LOS ANGELES – Comic legend Jerry Lewis (search) is getting the television academy's prestigious Governors Award in recognition for his more than half-century of work on behalf of Muscular Dystrophy.
Lewis, national chairman of the Muscular Dystrophy Association, was chosen for the prestigious award by the Academy of Television Arts & Sciences' Board of Governors in recognition of his work for the Muscular Dystrophy Telethon (search).
The award will be presented to the 79-year-old entertainer and humanitarian during the 2005 Primetime Creative Arts Emmy Awards on Sept. 10. The 57th Annual Primetime Emmy Awards will be televised Sept. 18 on CBS.
"Television has few traditions as impactful on the lives of viewers as the annual Jerry Lewis Telethon. This year, he hopes to reach the $2 billion mark for research programs of the Muscular Dystrophy Association," Gary Goldberger, chairman of the Governors Award (search) nominating committee, said in a statement Tuesday.

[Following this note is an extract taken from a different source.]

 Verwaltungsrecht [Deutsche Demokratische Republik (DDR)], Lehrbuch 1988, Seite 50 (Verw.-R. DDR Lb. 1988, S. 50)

"Jerry's dedication and humanitarian efforts combined with the magnitude and longevity of the public service work he has performed exemplifies everything the Governors Award represents," Goldberger said.
The Governors Award salutes an individual, company or organization. Past recipients include Walter Cronkite, Johnny Carson, Masterpiece Theatre, Lucille Ball, Bob Hope and Alistair Cooke.

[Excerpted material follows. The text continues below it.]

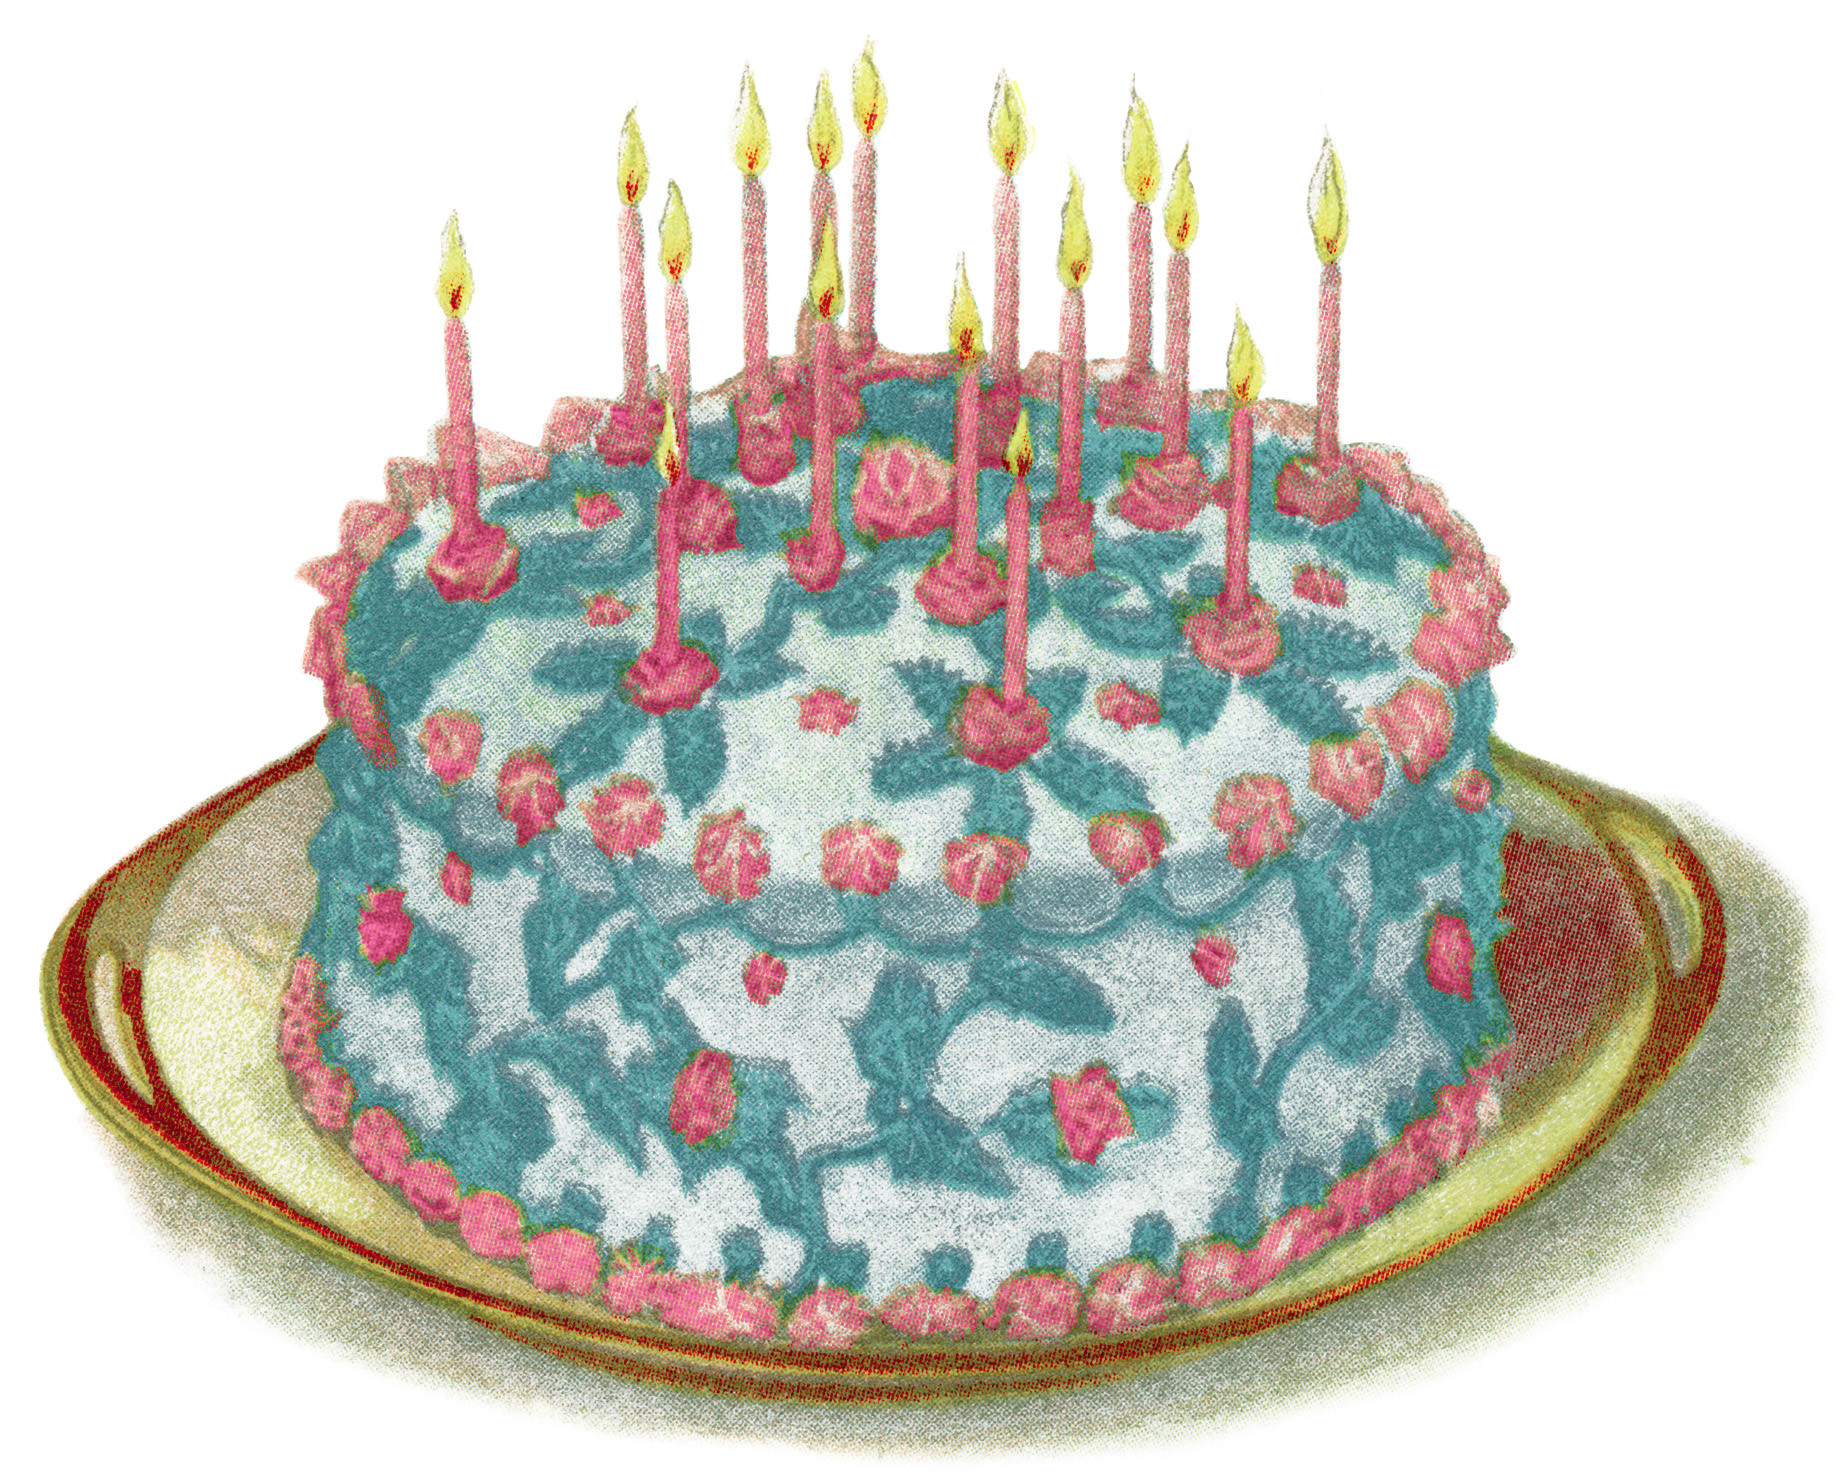 Birthday Cake Illustration
 Birthday

Lewis has hosted the Muscular Dystrophy Association Labor Day Telethon for nearly 40 years. It is scheduled to be held in Beverly Hills this year on Sept. 4 and 5.
Each year he vows to make "one dollar more" than the last telethon, and he has achieved that goal every year, Emmy officials said.
In 1966, the telethon was shown on one TV station and raised about $1 million in pledges. In September, the show will be aired on 200 stations, will be shown on the Internet, and could generate over $60 million for the first time. Last year, $59.4 million was pledged.